The Chinese investment boom into America has almost completely vanished.
Foreign direct investment from China into the United States plummeted by 83% in 2018, according to a report released Monday by law firm Baker McKenzie.
Including those sales, net Chinese foreign direct investment into North America turned negative in 2018 to the tune of $5.5 billion, according to Baker McKenzie. Another $12 billion of Chinese assets around the world are expected to be sold this year, the report said.
The evaporation of Chinese money in the United States reflects self-imposed restrictions by Beijing on investments outside the country. The trend was exacerbated, though, because Washington has been tightening foreign investment reviews. The US-China trade war is also a contributor.
“The Chinese put handcuffs on themselves on investing abroad,” said Scott Kennedy, director of the Project on Chinese Business and Political Economy at the Center for Strategic and International Studies. “With the arrival of the Trump administration, the United States put a not-for-sale sign on the door.”
After spending heavily on American real estate, transportation and infrastructure, Chinese investment in these sectors has “largely disappeared,” the Baker McKenzie report found.
China has retreated from other major markets — foreign direct investment into as a whole Europe tumbled by 70% in 2018, for example. But the United States has experienced the sharpest decline.
Some large economies, including France, Germany, Spain and Sweden, experienced an increase of investment from China, Baker McKenzie said.
Canada also bucked the trend, with Chinese investment spiking by 80% to $2.7 billion last year. Including divestitures, Canada actually enjoyed more Chinese investment than the United States in 2018, Baker McKenzie said.
But foreign direct investment slowed to $29 billion in 2017, when China imposed restrictions on outbound investments in a bid to stem capital outflows. Investment in the United States then shrank to just $4.8 billion last year amid Washington’s crackdown on China — a “huge drop,” Kennedy said.
In the meantime, US officials are scrutinizing Chinese investment with more intensity.

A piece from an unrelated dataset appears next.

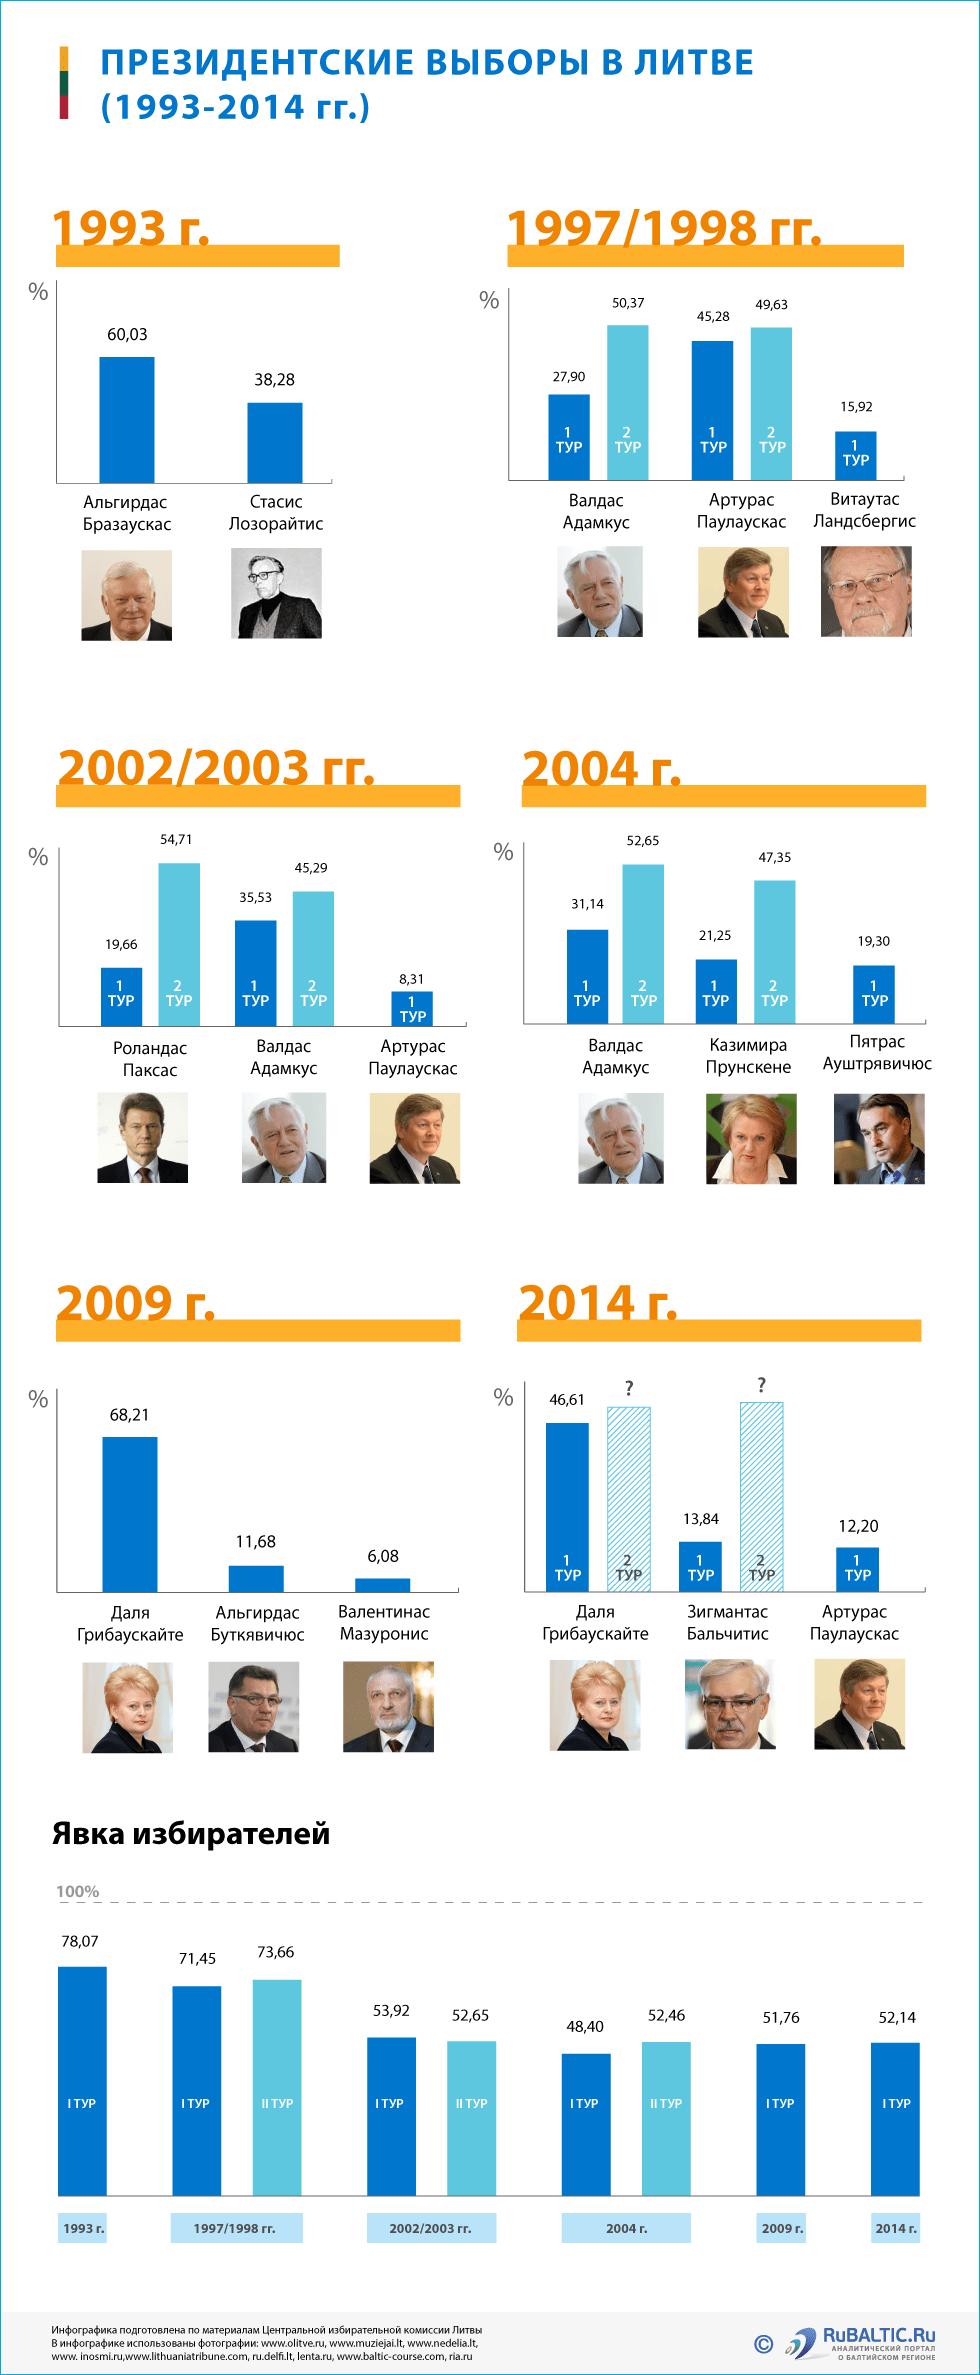 Инфографика: Президентские выборы в Литве 2014
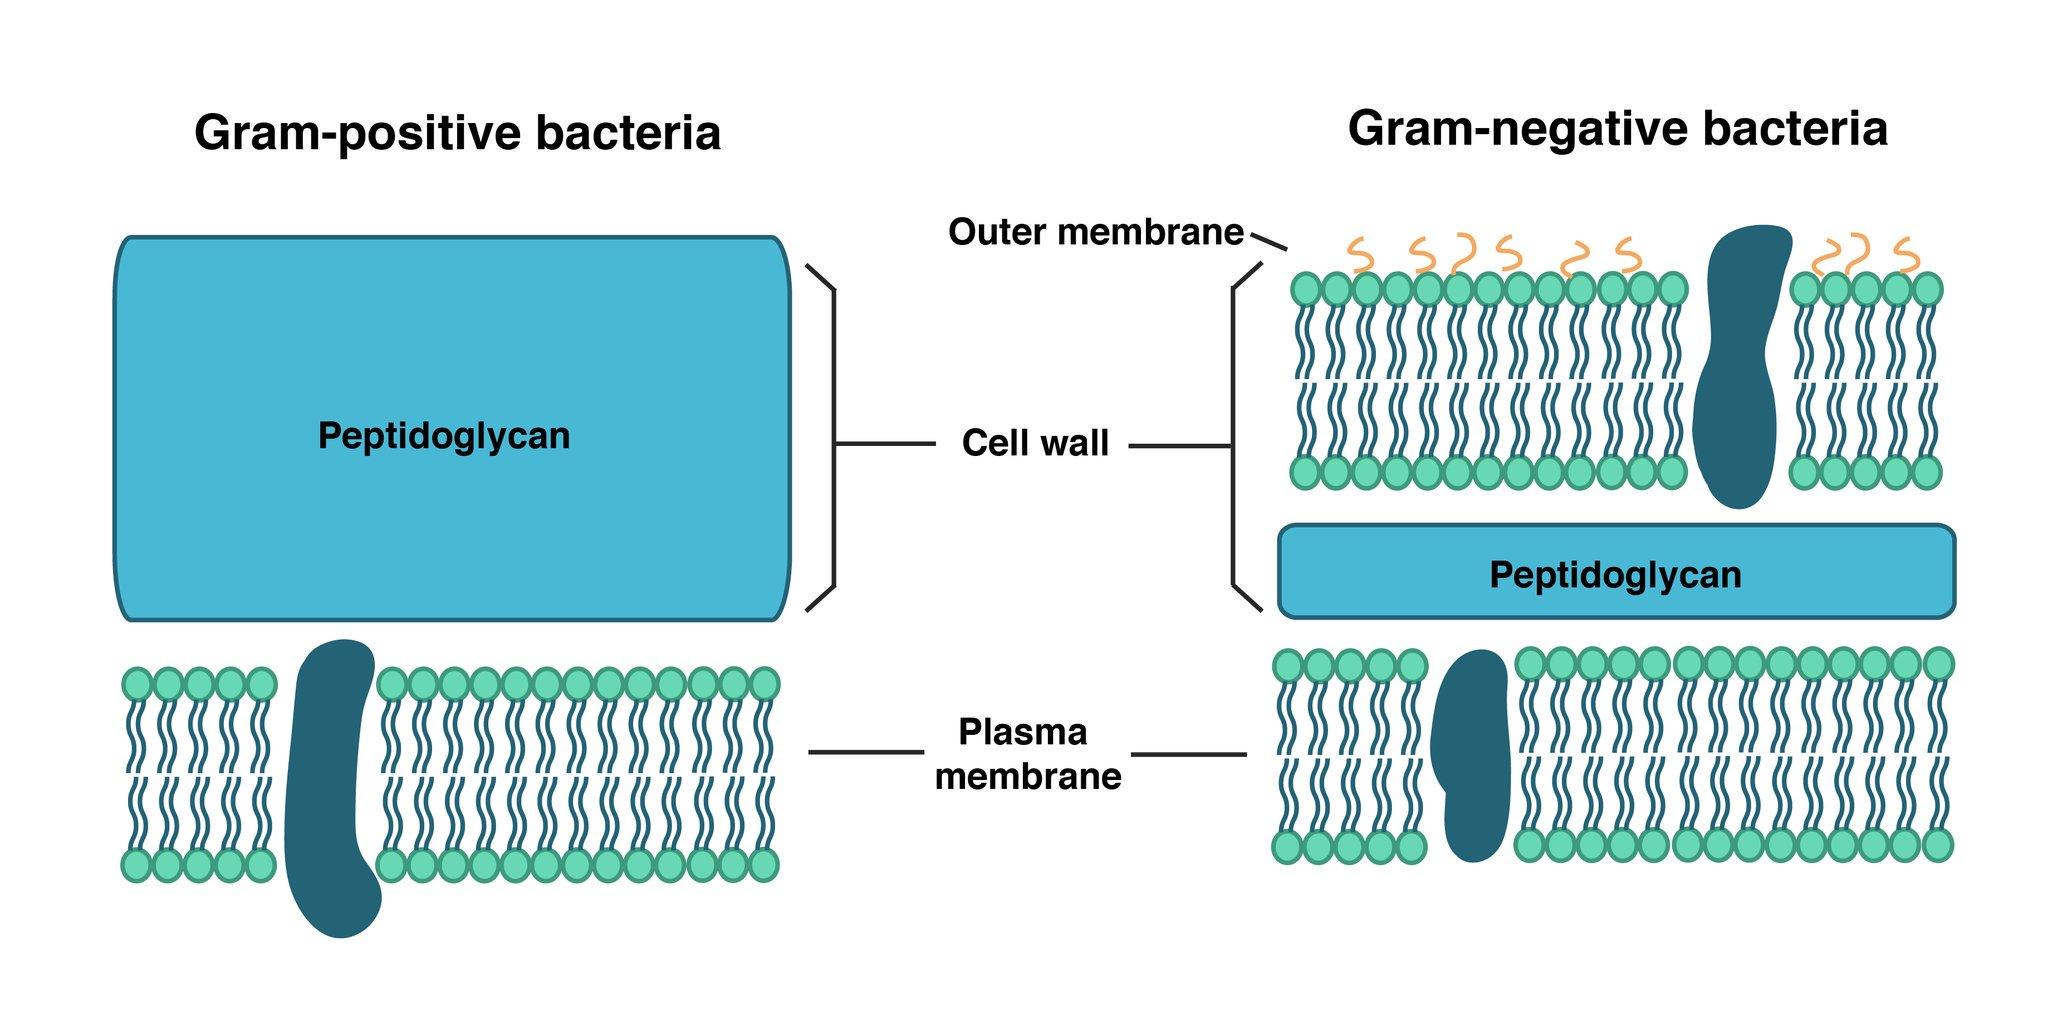 M I C R O B I O L O G Y V Twitter الجدار الخلوي Call Wall يتكون الجدار الخلوي للبكتيريا من مادة بيبتيدوجلايكان Peptidoglycan

The Committee on Foreign Investment in the United States has rejected several high-profile transactions, including Broadcom’s (AVGO) $117 billion bid for Qualcomm (QCOM). Last year, President Donald Trump signed legislation expanding the power of CFIUS to block foreign deals for national security purposes.
At the same time, some of China’s most voracious buyers of American assets have come under pressure from Beijing.
For example, early last year Beijing seized control of Anbang, the insurance giant that in 2014 completed a $1.95 billion purchase of the iconic Waldorf Astoria. The Chinese government later pumped nearly $10 billion into Anbang.
Likewise, HNA, a conglomerate that grew out of an airline, has gone on an epic buying spree in recent years. The Chinese company purchased chunks of everything from Deutsche Bank (DB) to Hilton. But HNA has since moved to unload businesses in response to Beijing’s crackdown on foreign purchases and concerns about the company’s massive debt.
“HNA had its wings massively clipped,” said Kennedy.
Correction: An earlier version of this report incorrectly described part of HNA's business.